Wellcome Trust and King's College London, have been working to get them written into the Mental Health Act in England and Wales.

Hopkins' exhibition aims to put lived experience at the heart of research, and communicate diversity through artistic mediums.

Lucy Owen, producer of the ‘Mental Health and Justice Project’ said: “The law and mental health are these massive monolithic structures working with mass group of people and so it’s very easy to lose sight of the individual.

“Rather than shying away from these problems we’ve tried to face them straight on.

“I hope that people see this breadth of individual experience and understand that we need to keep listening to these voices from the community.

“Any policy that comes from this or about advanced directives will have an even bigger chance of success if it recognises that.”
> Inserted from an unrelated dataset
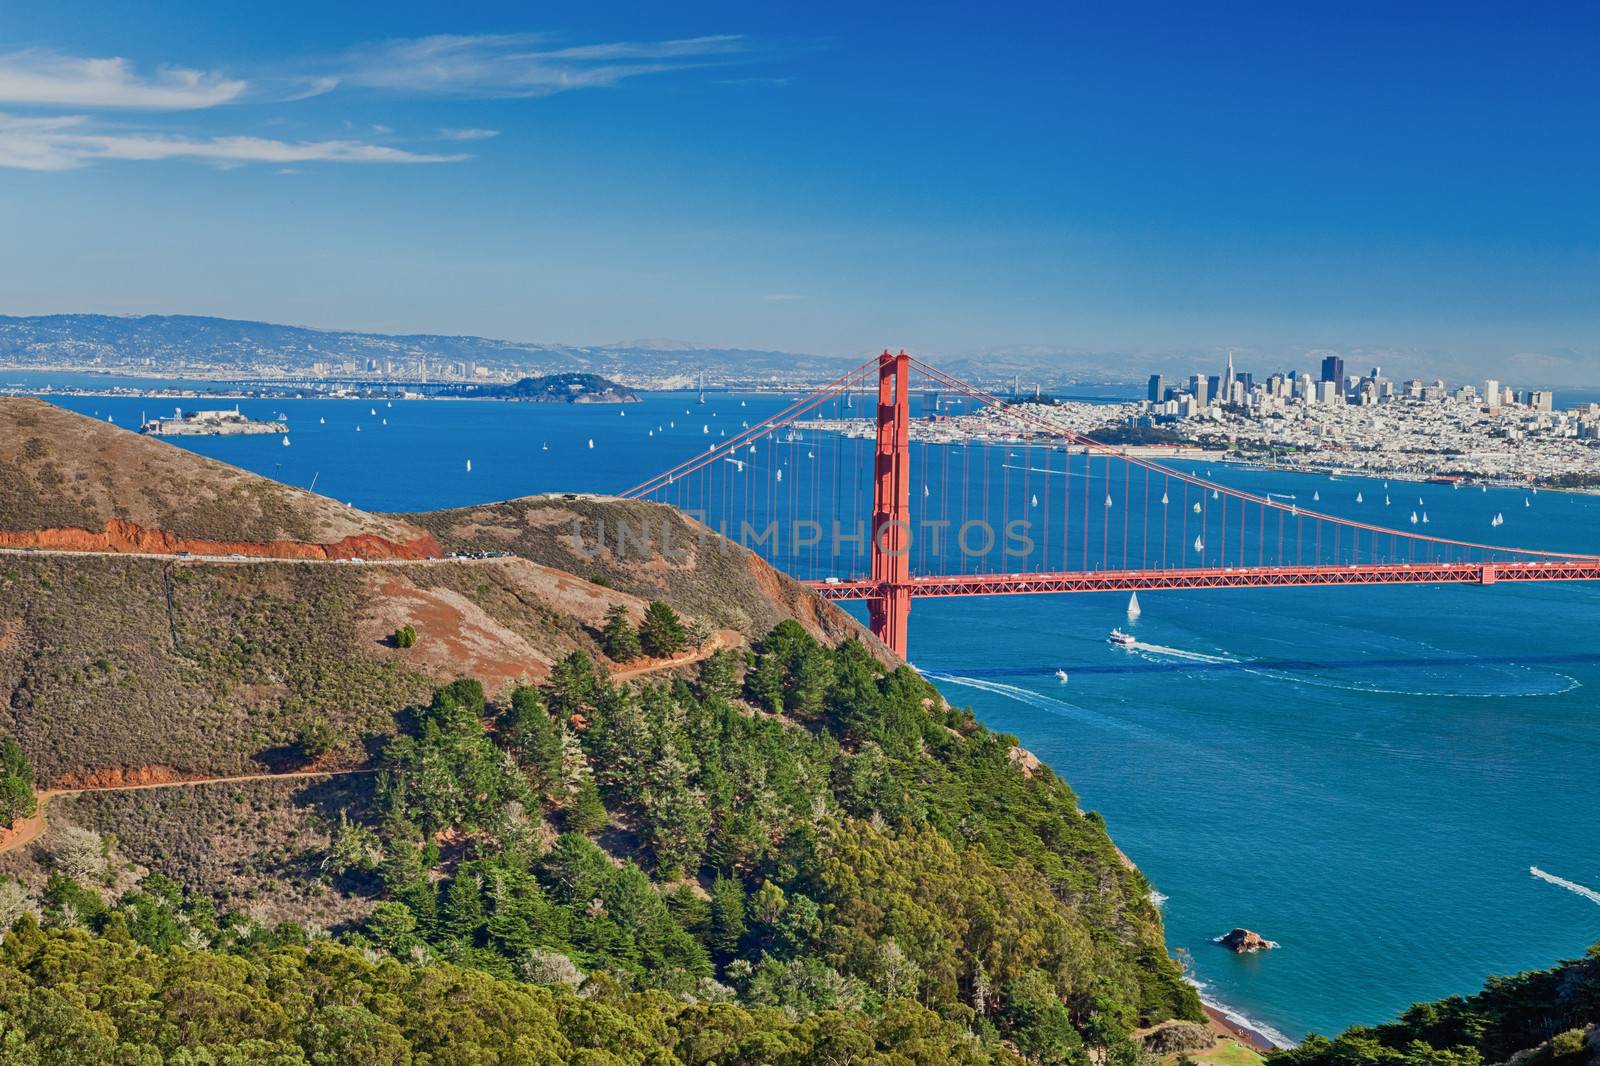 San Francisco With Golden Gate bridge and Alcatraz

Future Selves evolved from a workshop where people with bipolar were asked to bring objects that were meaningful to them.

These objects were then bound and tied up to explore the idea of advanced directives as a ‘self-binding’ concept, which can be both a comforting and alarming concept.

Artist Beth Hopkins explained the significance of binding the objects:

She added: “Art when it’s socially engaged can have a massive impact. It’s a real way in to talking about complex ethical issues.

“With advanced directives it's largely an issue of capacity and whether you have capacity to make decisions and that’s a grey area."

She explained that art can also have therapeutic properties, and was a powerful tool for her to come to terms with her own disorder.

She said: “My root into it was very much through mental illness and it given me an identity, making work and thinking of yourself as an artist.

"It can be a tool to understand what’s happened to you; acknowledging it and putting it into the world to open a dialogue.”

Hopkins’s exhibition evolved from Bipolar UK’s survey which assessed a range of responses to advanced directives.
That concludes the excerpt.